4. Forecasts treat account churn wrong. Churn at the plant level happens invisibly. A facility closes. A division is divested. A purchasing contract moves from one vendor to another at one specific site. If the CRM holds one Greif record, none of those events register — you only see the impact three quarters later when the aggregated revenue from Greif declines and nobody can pinpoint why.
5. Expansion revenue stays hidden. The single most underused revenue source in industrial sales is cross-plant expansion at an account where you already hold one or two plants. You are the preferred vendor at Greif Massillon. You do not know Greif also operates plants in Longview, Meridian, Dallas, Winston-Salem, Florence, or Atlanta. The expansion motion that should be automatic — "we are doing X at your Ohio facility, can we scope the same at your Texas and Georgia facilities?" — is not initiated because the rep does not know those facilities exist as part of the same parent.
Gartner reports that poor data hygiene is one of the leading reasons forecasts miss by more than 10%, and that companies that improve CRM data hygiene can increase forecast accuracy metrics by up to 30%. The mechanism is simple: if the CRM is holding one record where the account really has 100 plants, no amount of pipeline-coverage discipline can compensate. You are forecasting against a synthetic version of the account that does not match the buying surface in the field.

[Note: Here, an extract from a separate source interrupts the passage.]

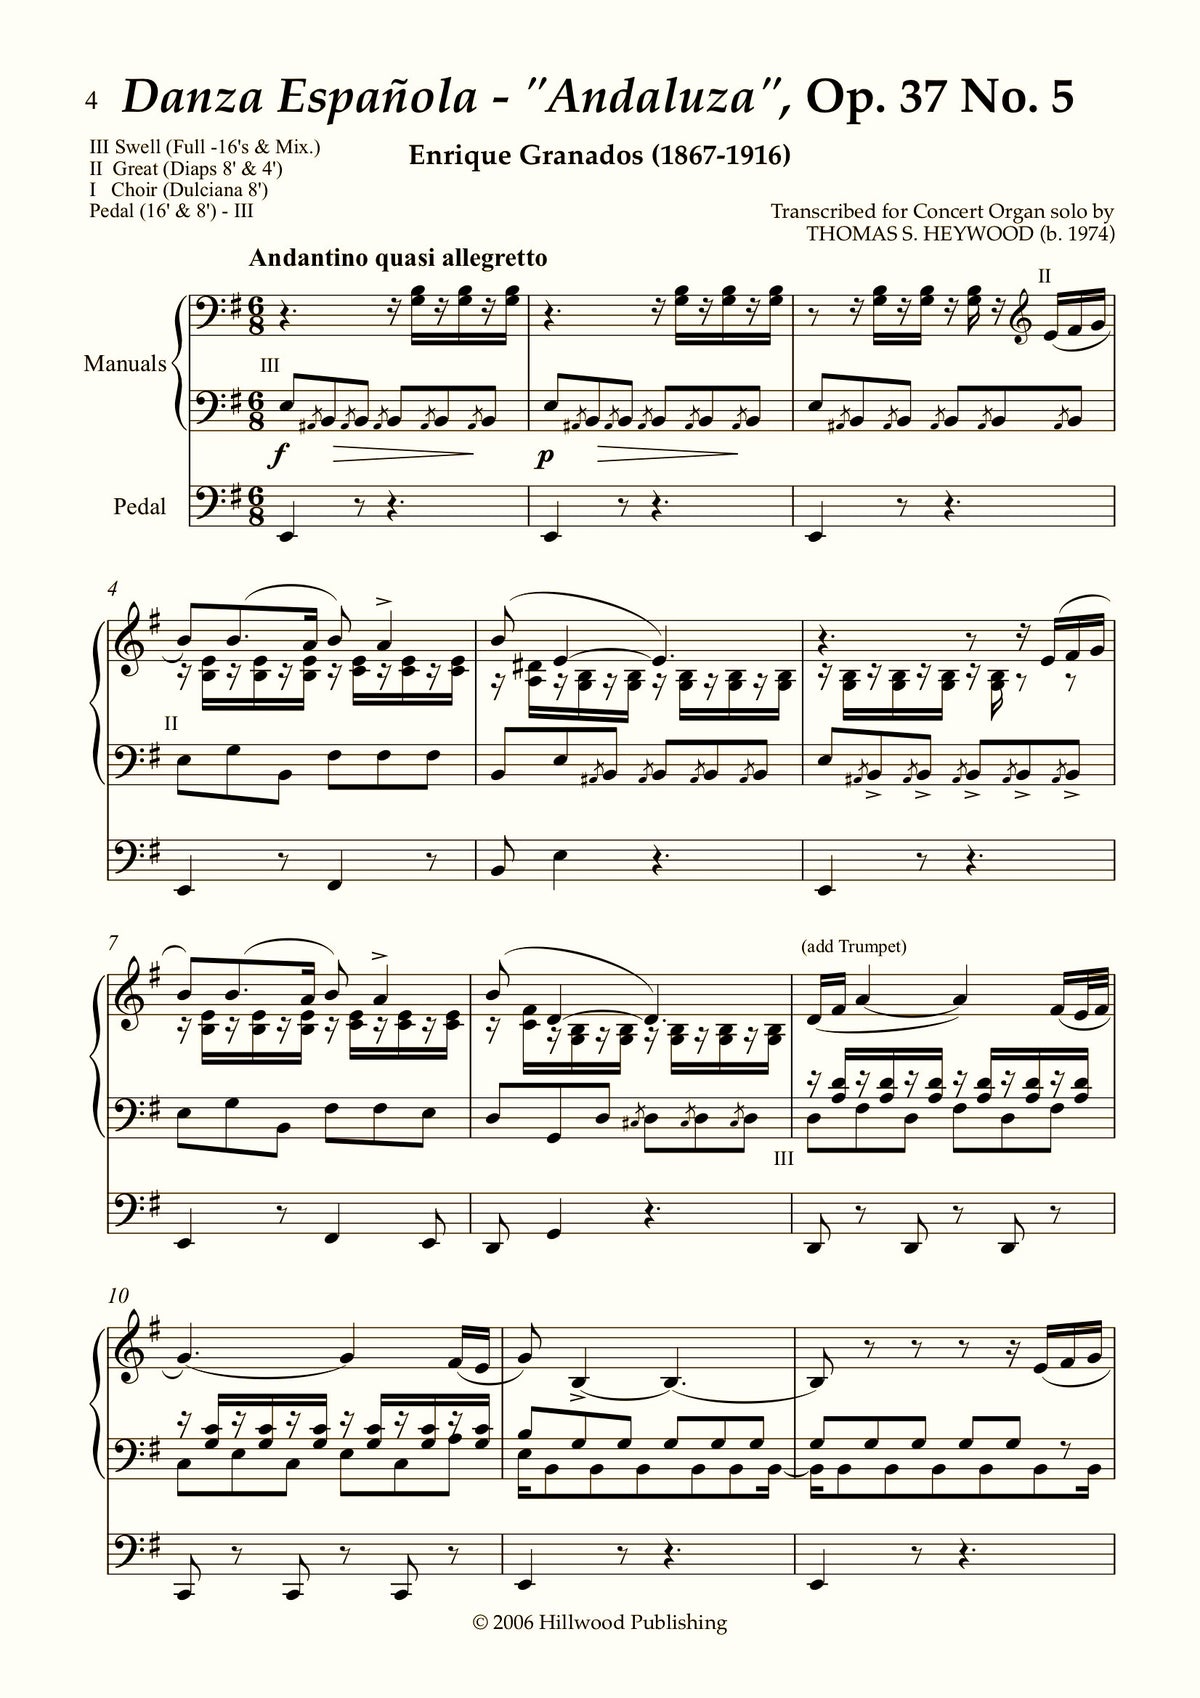 Granados/Heywood - Danza Espa�ola: 'Andaluza', Op. 37 No. 5 (Score) - Concert Organ International

What facility-first indexing looks like
The fix is not to bolt "branches" onto a company record. That has been the standard workaround, and it does not work — because a branch record in a HQ-centric schema is still treated as a child of the company, not as a first-class record with its own industry classification, its own employee count, its own contacts, and its own deal history.
The fix is to index physical facilities as the atomic unit of the database, and let parent-company relationships be a relational layer on top.
That inversion changes what the rep sees on every query. Searching "Greif" on a facility-first database returns 118 records, each one a US plant with:
- A verified physical address — not a corporate registration
- An employee count specific to that plant (not the parent total)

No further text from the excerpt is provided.